Bags packed and ready to go! However, son, recovering from a sickness and diarrhoea bug, vomits at breakfast time, bringing up bowl of half-chewed Cheerios.  I try to score points with wife in personal ongoing vendetta against Cheerios by suggesting they are too sweet for son. Wife scores most points by making me clear up son’s vomit.

Holiday postponed by one day, due to Breakfast Cheerio Vomit. Holiday suitcases remain by front door. Daughter spends day whingeing – repeatedly – about not going on holiday. Son also spends day whingeing and clinging to any adult in sight. Wife reflects it’s like being on lock-down in an old people’s home, where all the old people are on Speed. Stressful day ends with wife sobbing in bathroom.

  • Family holiday day 2

Son, hasn’t vomited in 24 hours, but is clearly still not fully recovered. Hold telephone consultation with rest of family (brother, sister in-law, two kids and Grandma), who arrived at separate, but nearby, holiday houses the previous day. We decide to travel to our holiday house, but under strict self-quarantine rules.

Both children fall into deep beautiful slumber on the three hour journey from Oxford to Kent. Wife and I dare to believe that the holiday is back on track.

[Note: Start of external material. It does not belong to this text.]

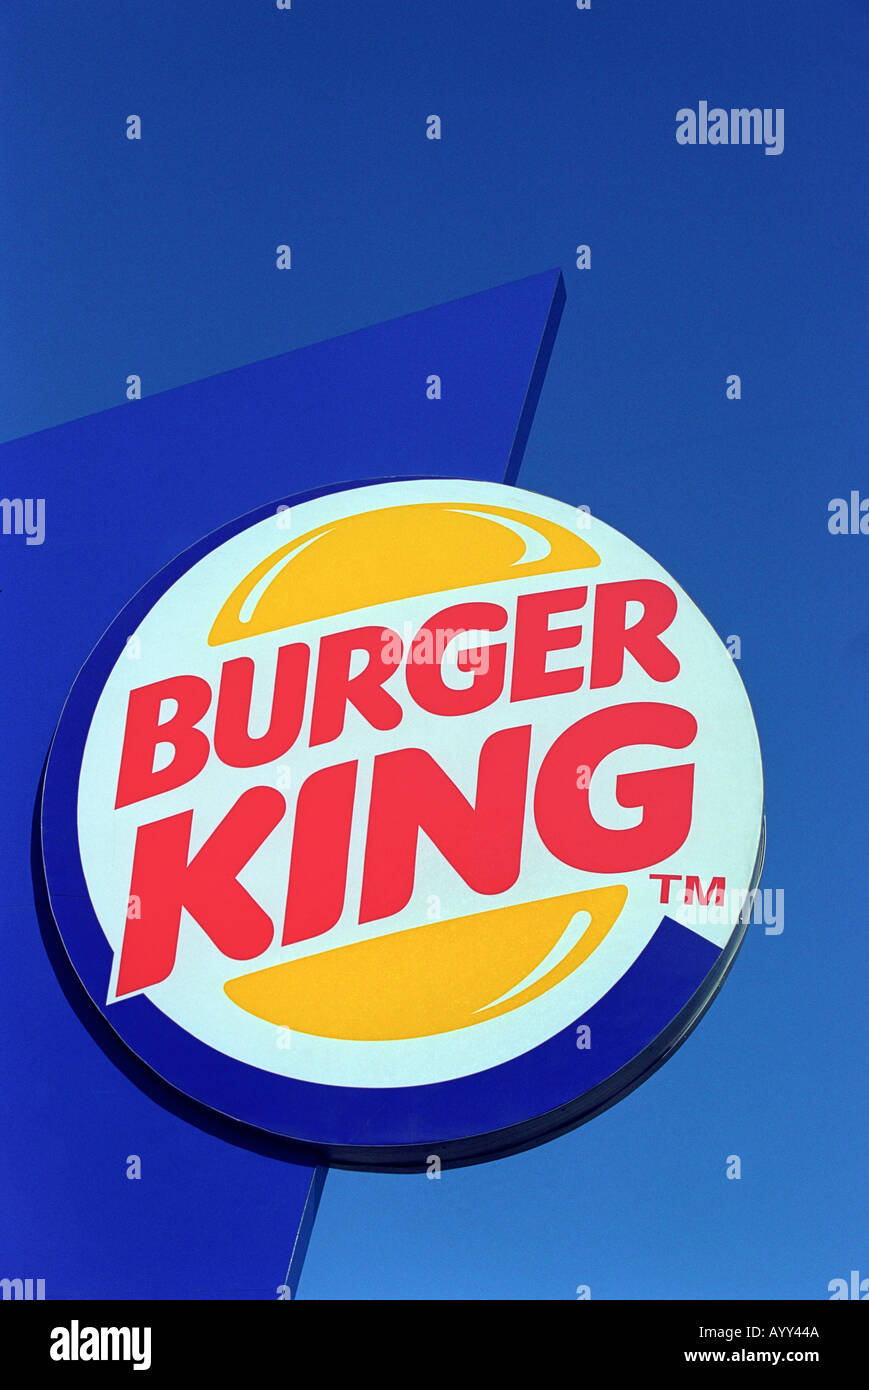 Burger King sign Stock Photo

However upon arrival at holiday house, both children melt-down. Daughter wants to go play with cousin, but nuances on the concept of quarantine are lost on her. Two resulting time outs for daughter. Son, teething for England, screams his way through the day, and nearly chews his own fist off. In order to delay onset of parental tinnitus wife and I take shift turns with son.

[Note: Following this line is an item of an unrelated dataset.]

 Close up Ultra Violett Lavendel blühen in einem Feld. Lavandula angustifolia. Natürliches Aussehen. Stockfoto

One brief conversation through holiday house window with rest of holiday party is our sole contact with the rest of humanity. Our holiday house is renamed The Plague House by my niece. Cold, wintry and miserable outside. Snow starts falling. It’s April.

  • Family holiday day 3

No sleep due to daughter and son spending the night in a relay race, passing The Baton of Screaming between each other. At 4am, after approximately NO hours of sleep, I consider picking up The Baton of Screaming and whacking myself over the head with it. Seems like the only chance for some sleep.

Son still unwell and doesn’t eat breakfast. Bitterly cold and miserable outside, barely reaches above freezing all day, feels colder with barbaric North-easterly blowing in off Siberia. Children really tetchy. Pattern set for rest of day.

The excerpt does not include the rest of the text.